Как правило, новые люди ей нравились, она им заранее доверяла, старалась все трактовать в их пользу, но сейчас ей меньше всего хотелось быть хорошей и добренькой. После двух дней тихой муки, почти безвылазно проведенных в гостиничном номере, тошнота отступила, да и воспаление на шее прошло, так что можно было снимать повязку. Но антибиотики оставались, нужно было закончить курс. В туалете, который при баре, были медицинские весы, и если верить их показаниям, за время, проведенное в Англии, она потеряла пять фунтов. Это обстоятельство ее обрадовало — после смерти Энди она бросила следить за фигурой и теперь с трудом влезала в свою прежнюю одежду. Садясь в самолет, она расстегнула несколько верхних пуговиц блузки, извиняя это тем, что за долгий полет всегда немного отекаешь, — и прекрасно понимая, что истина куда прозаичнее. Теперь дела явно шли на поправку, в смысле — на похудание.
А тут еще эти американцы. Когда она почувствовала себя лучше и снова стала передвигаться по гостинице, оказалось, что они везде, куда ни пойдешь. Она их ненавидела и не могла оторвать от них глаз. Они буквально лучились лицемерием и честолюбием. Они всех вокруг понимали превратно и никого не любили, не делая исключения даже для самих себя, они пытались скрывать свое кислое отношение к жизни, но делали это не слишком старательно и настолько неумело, что лишь еще больше его подчеркивали.
Тереза восхищалась спокойствием, с каким Эми подавала американцам завтрак, болтала с ними и улыбалась, ни лицом своим, ни жестами не выражая ничего, кроме глубочайшего удовольствия видеть таких гостей. А ведь можно было не сомневаться, что Эми испытывает приблизительно те же чувства, что и она.

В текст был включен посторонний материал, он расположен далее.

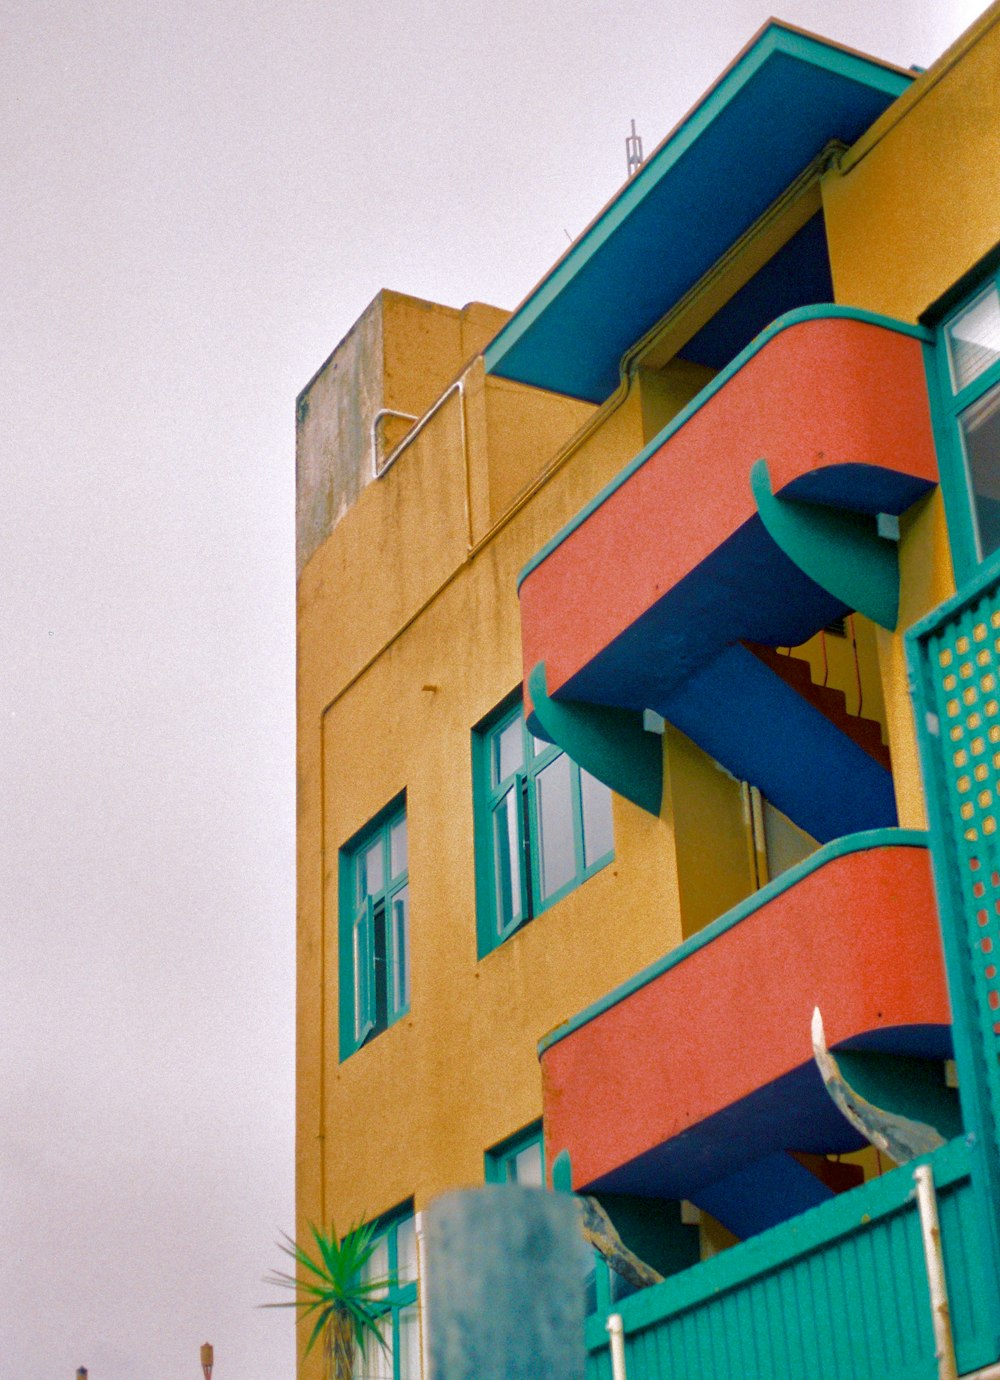 Bâtiment de 4 étages orange, bleu et jaune

Последние дни Тереза много думала об Америке, прежней Америке, с опаляющим ветром и бескрайними просторами. Ей страстно хотелось достичь пределов сценарной реальности, выйти за них. Ее завораживала Эльза Дердл — пожилая грузная женщина с большим автомобилем и пистолетом в перчаточном ящичке, куда-то стремящаяся по широким хайвеям Южной Калифорнии.
Вчера она позвонила медикам «Экс-экс» и договорилась прийти сегодня утром, чтобы снять бинты. Если воспаленное место совсем очистилось, можно будет тут же и приступить к исследованию сценариев. Пределы затягивали ее, как мощный наркотик.
Чуть позже, когда Тереза вышла из своего номера, направляясь к машине, в коридоре стоял один из молодых людей, виденных ею за завтраком. Она взглянула на него, изобразила уголками рта нечто вроде вежливой улыбки и совсем было прошла мимо.
Но он остановил ее, сказав:
— Простите меня, мэм? Хотелось с вами познакомиться. Меня звать Кен Митчелл, я приехал из США.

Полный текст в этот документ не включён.